St. Paul's Episcopal Church is an historic Episcopal church in Richmond, Virginia, United States. Located directly across the street from the Virginia State Capitol, it has long been a popular house of worship for political figures, including General Robert E. Lee and Confederate President Jefferson Davis (earning it the nickname "the Cathedral of the Confederacy"). Davis was a member.

Other notable people associated with the church are Rev. Dr. Charles Minnigerode, who led the church during the Civil War and Reconstruction eras. The Right. Rev. John Shelby Spong, now retired as bishop of the Diocese of Newark, began to attract national attention while rector of St. Paul's (1969–1976).

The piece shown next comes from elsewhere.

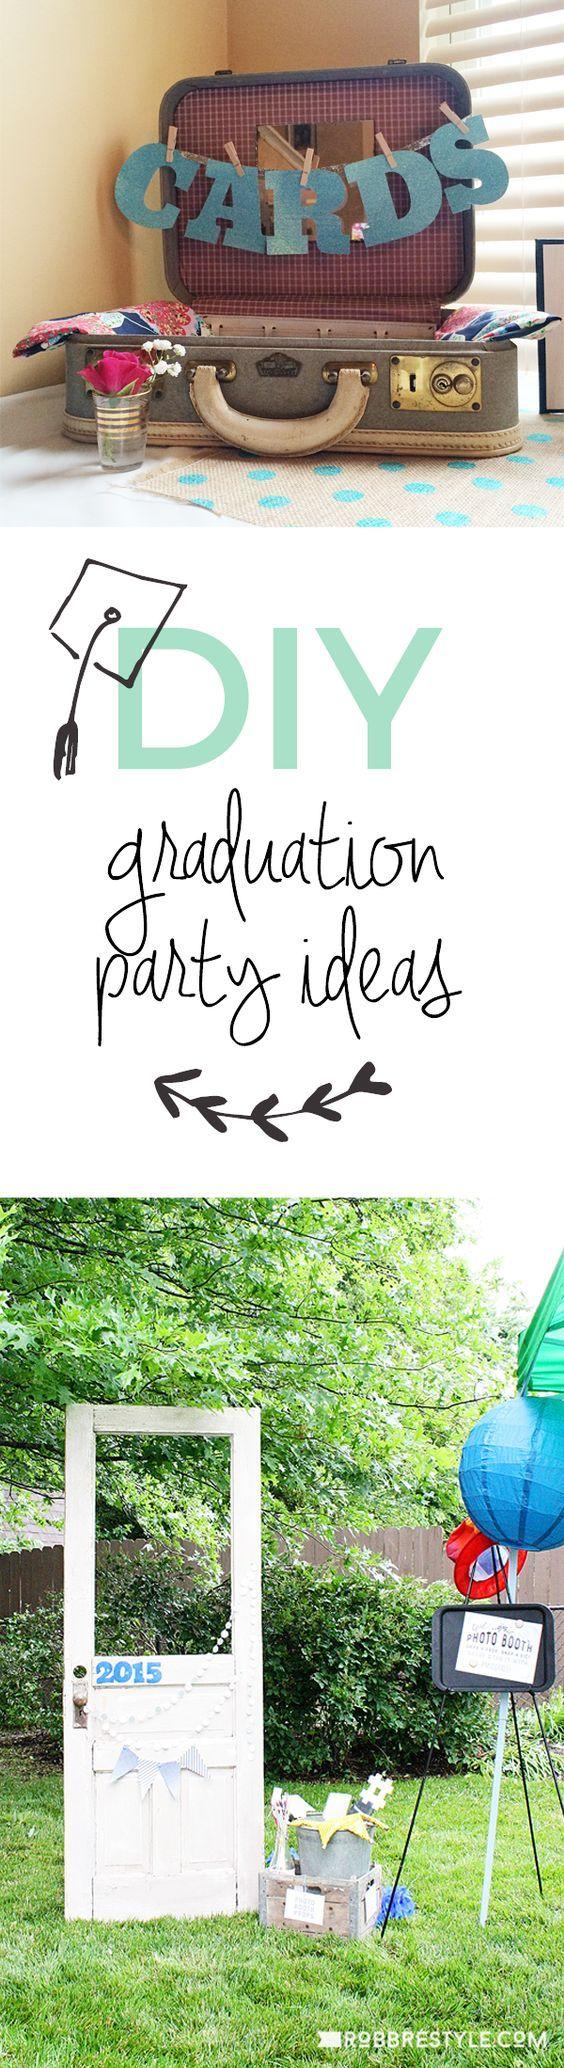 DIY Graduation Party Ideas 134 best Ideas

St. Paul's was built in 1845 as a branch of the Monumental Church, which had outgrown its building. The Greek Revival church was designed by Thomas Somerville Stewart and modeled largely on St. Luke's Church, now Church of St. Luke & the Epiphany, in Philadelphia. It was listed on the National Register of Historic Places in 1969 as St. Paul's Church.

The corner stone was laid on 10-Oct-1843 according to the St. Paul's History book. Consecration was 11-Nov-1845.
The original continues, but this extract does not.